Remote work policies have softened but not vanished. A 2026 survey of 500 LA‑based tech companies indicates that 23 % of MLOps roles are fully remote, while another 45 % permit hybrid arrangements (three days on‑site, two days remote). The remaining 32 % require full on‑site presence, largely due to data‑security concerns and the need for close collaboration with hardware teams.
Looking ahead, the outlook for MLOps hiring appears robust. Forecasts from Gartner project global AI model deployment spending to climb 19 % annually through 2028, with North America accounting for roughly 40 % of that growth.
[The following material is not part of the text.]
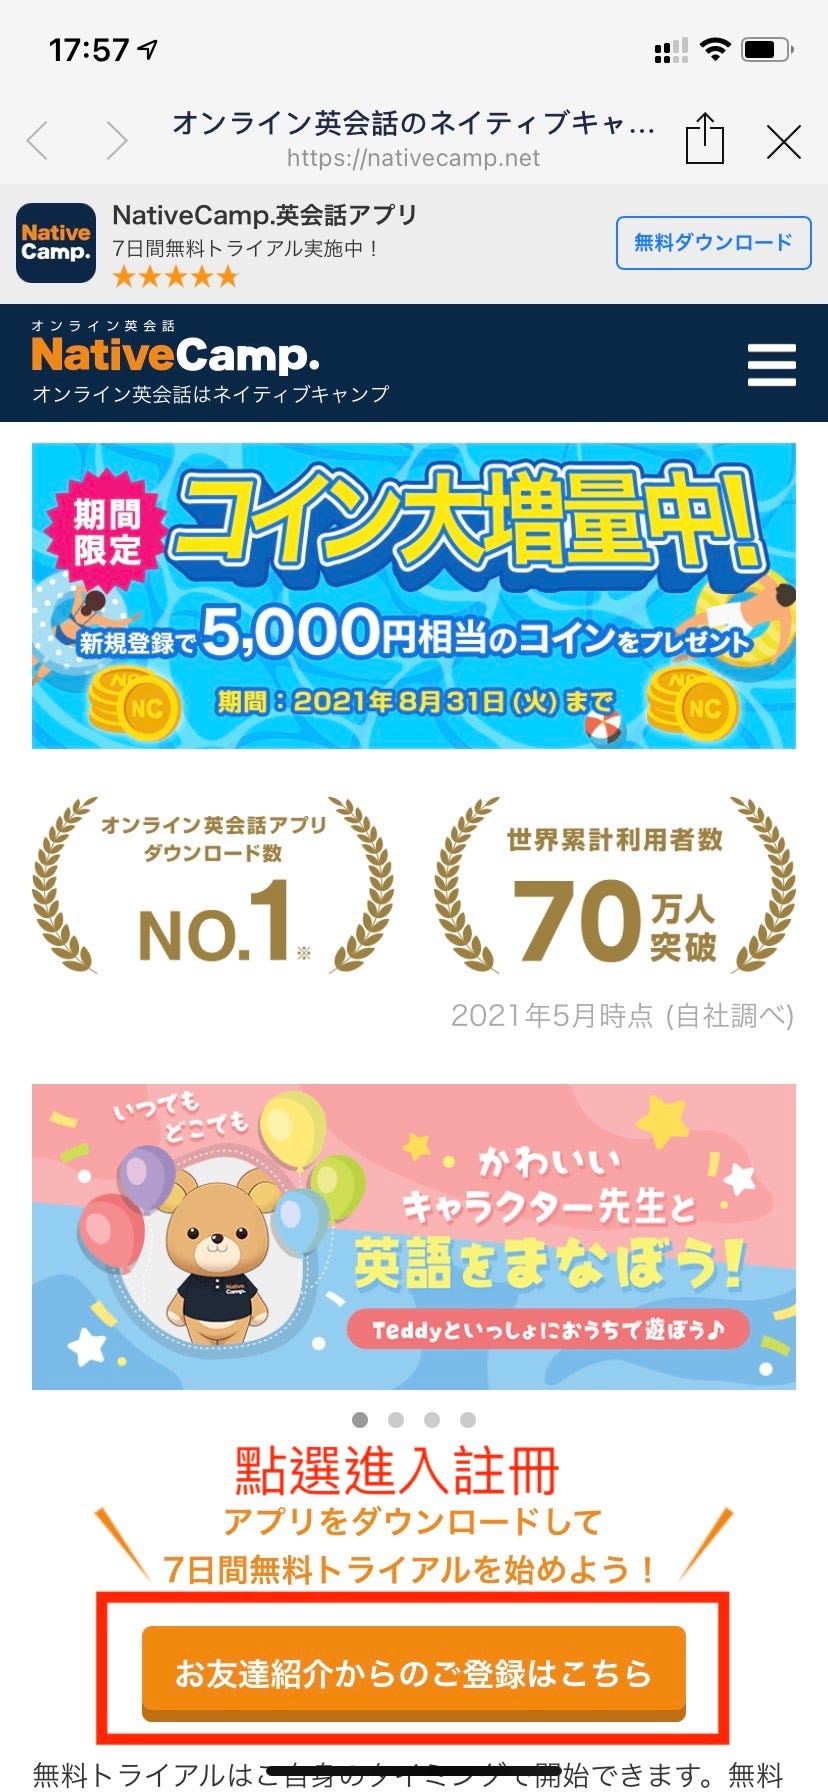 [資訊] NativeCamp 12月等值8000日圓優惠 FB社團

Los Angeles, as one of the primary AI hubs on the West Coast, is poised to capture a disproportionate share of new talent opportunities.
Key takeaways
- Median base salary exceeds $158 k; total comp averages $185 k.
- Demand for Kubernetes‑based serving, pipeline orchestration, and container security skills is rising sharply.
- Turnover is low, with an average tenure of 2.8 years, indicating stable career paths.
- Remote work remains limited; hybrid models dominate the hiring landscape.
FAQ
Q: How does the salary for MLOps Engineers in Los Angeles compare to neighboring markets like San Francisco or Seattle?
A: Los Angeles salaries are roughly 8 % lower than San Francisco’s median base of $171 k but about 4 % higher than Seattle’s $152 k median, reflecting a balance of cost‑of‑living adjustments and local demand.
Q: Are certifications (e.g., AWS Certified Machine Learning – Specialty) influential in hiring decisions?
A: Certifications add credibility, especially for junior candidates, but 71 % of hiring managers prioritize proven project experience over formal credentials.
Q: What is the most effective way for a candidate to demonstrate MLOps competency during an interview?
A: Presenting a end‑to‑end production pipeline—covering data ingestion, model training, versioning, deployment, monitoring, and rollback—on a cloud platform (AWS, GCP, or Azure) is the strongest signal of readiness.